WHAT YOU ARE ASKED TO DO = Line by line, return the listing exactly, without any of the images.

DATASET SECTION =
####

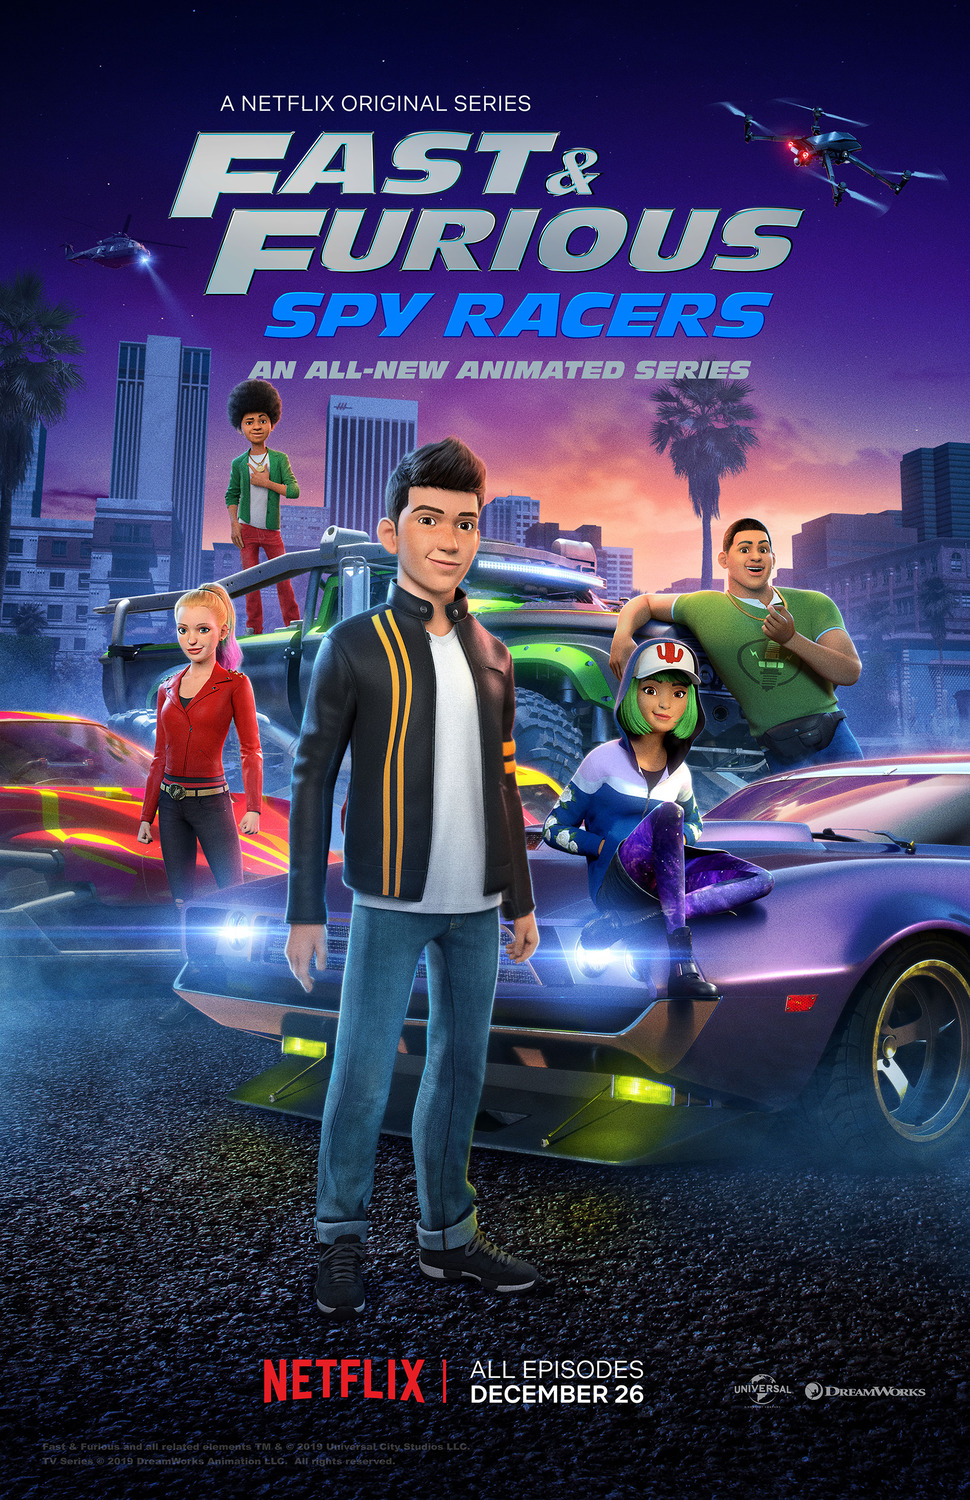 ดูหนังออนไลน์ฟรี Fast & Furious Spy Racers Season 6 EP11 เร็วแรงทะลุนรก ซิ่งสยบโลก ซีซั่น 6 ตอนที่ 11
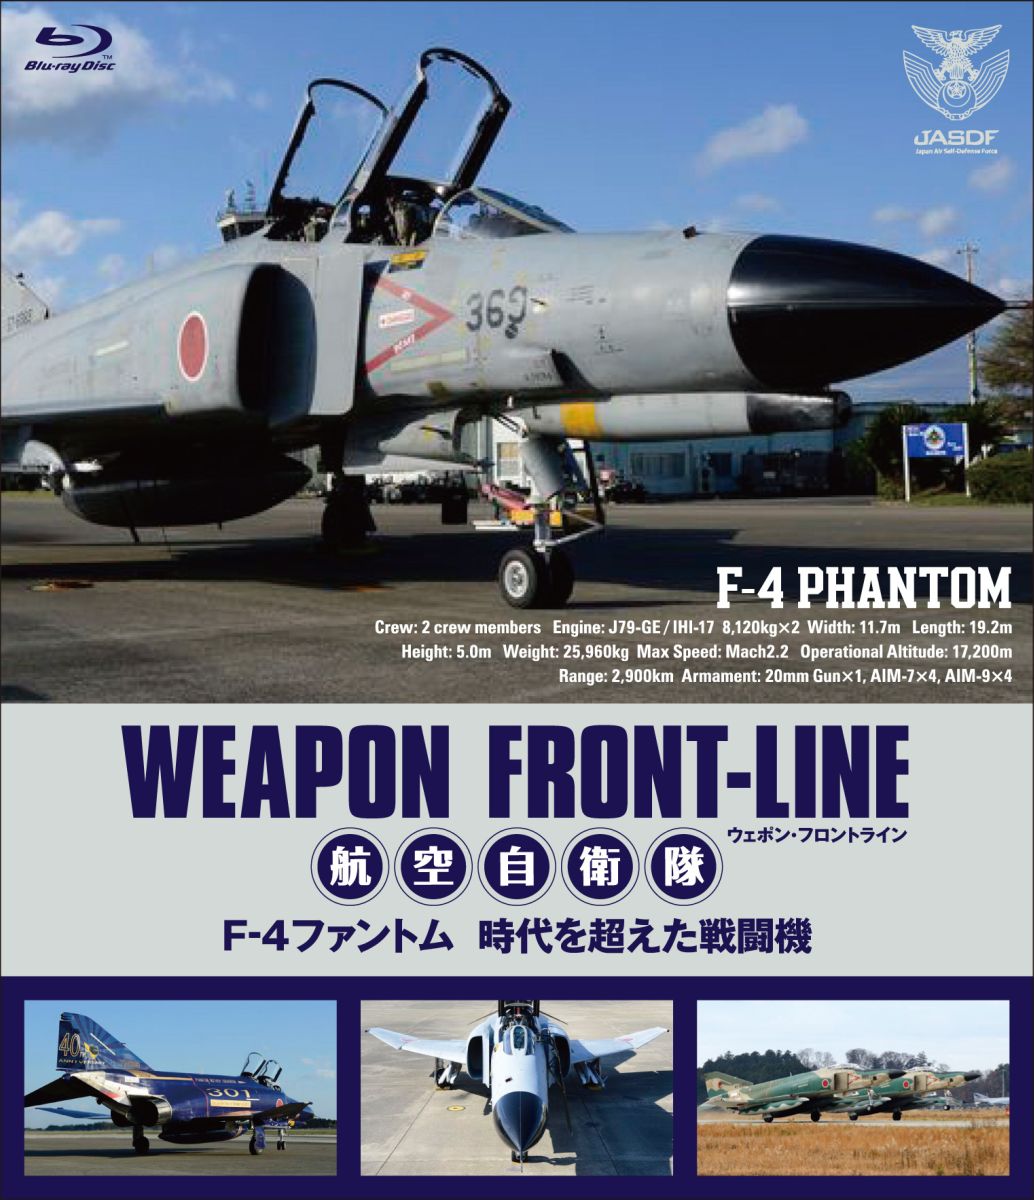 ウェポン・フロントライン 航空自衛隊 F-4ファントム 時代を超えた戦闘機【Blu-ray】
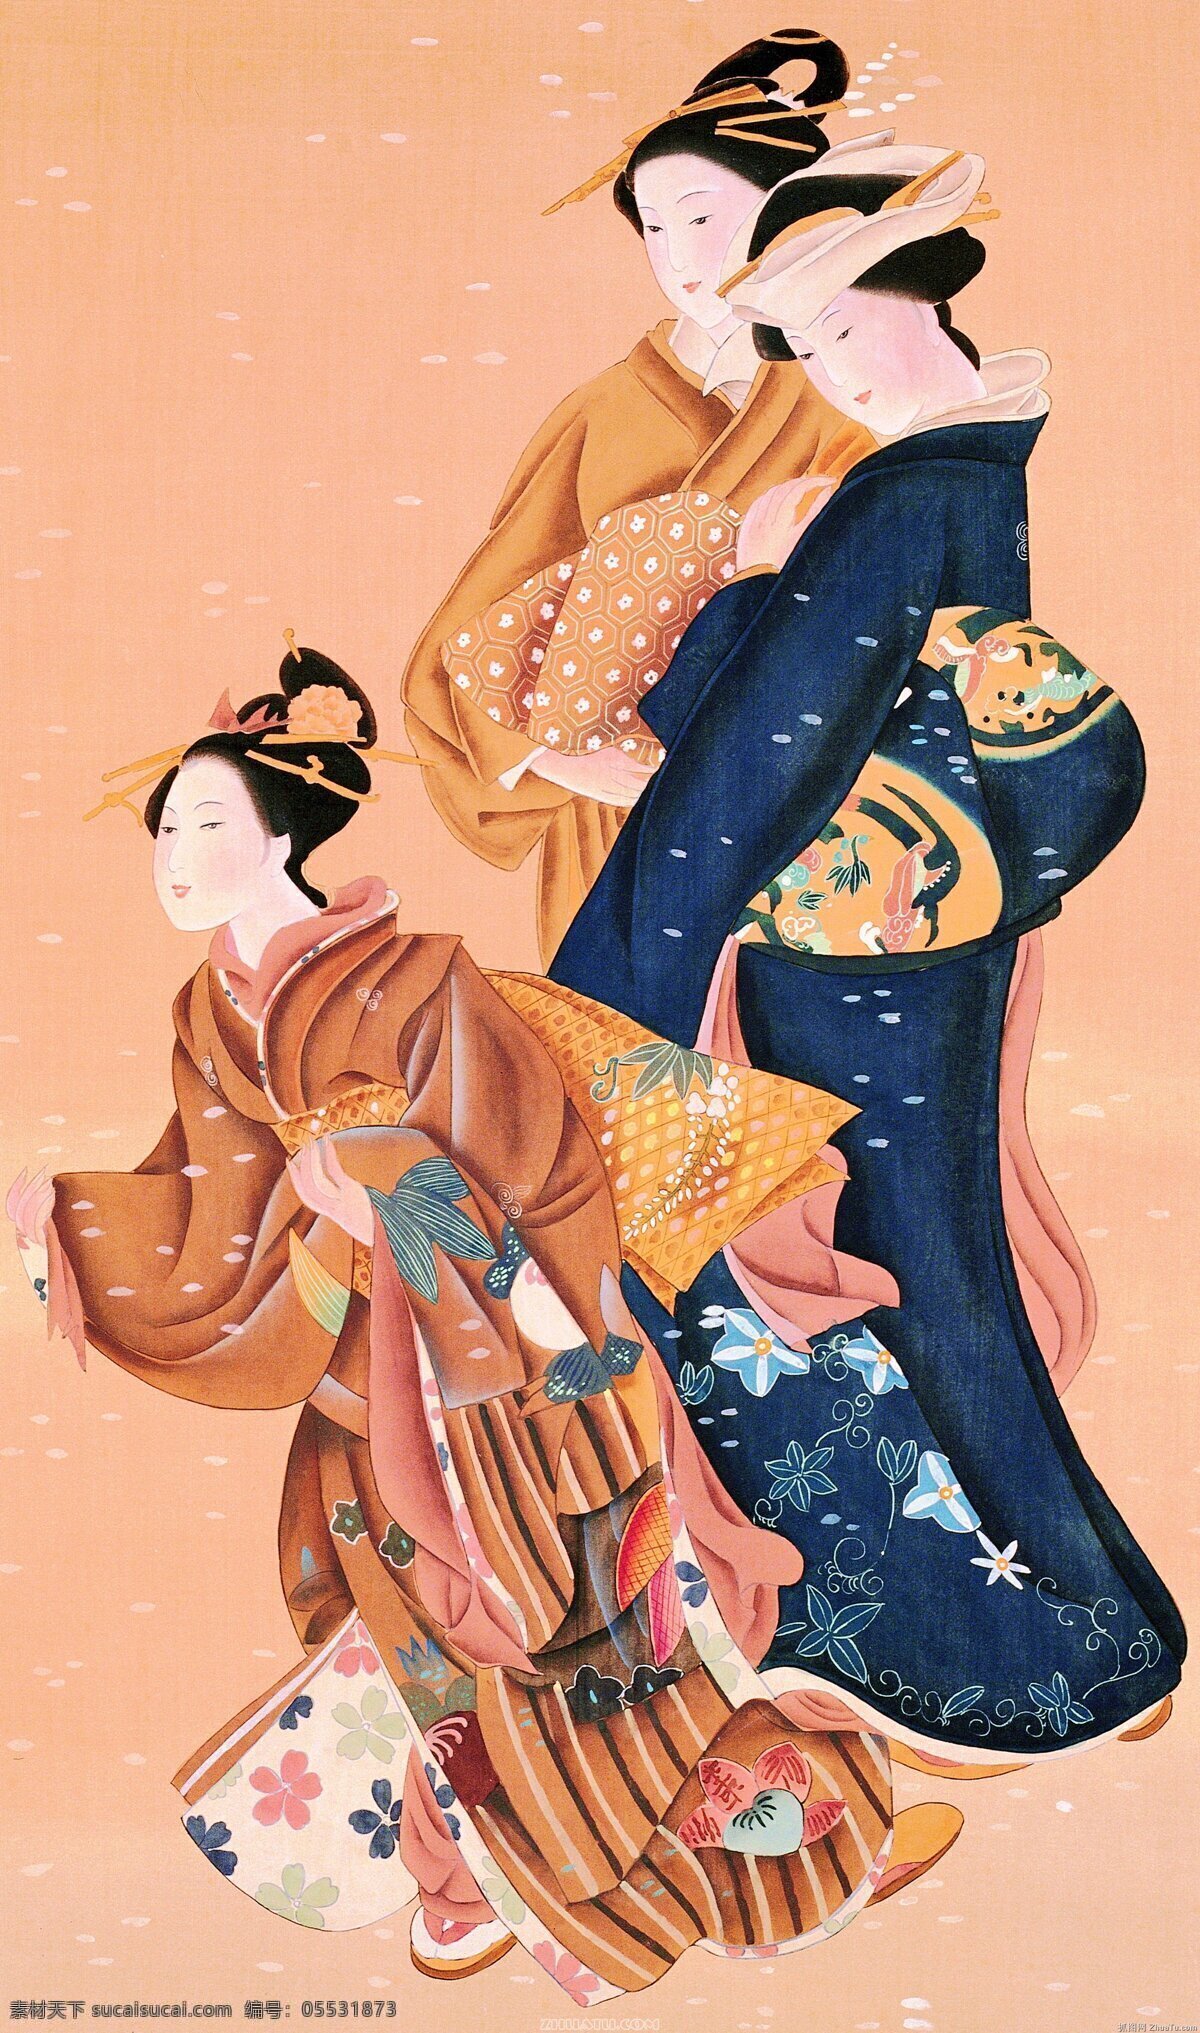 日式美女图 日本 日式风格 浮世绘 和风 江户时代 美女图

####

RESPONSE TO THIS TASK =
 ดูหนังออนไลน์ฟรี Fast & Furious Spy Racers Season 6 EP11 เร็วแรงทะลุนรก ซิ่งสยบโลก ซีซั่น 6 ตอนที่ 11
 ウェポン・フロントライン 航空自衛隊 F-4ファントム 時代を超えた戦闘機【Blu-ray】
 日式美女图 日本 日式风格 浮世绘 和风 江户时代 美女图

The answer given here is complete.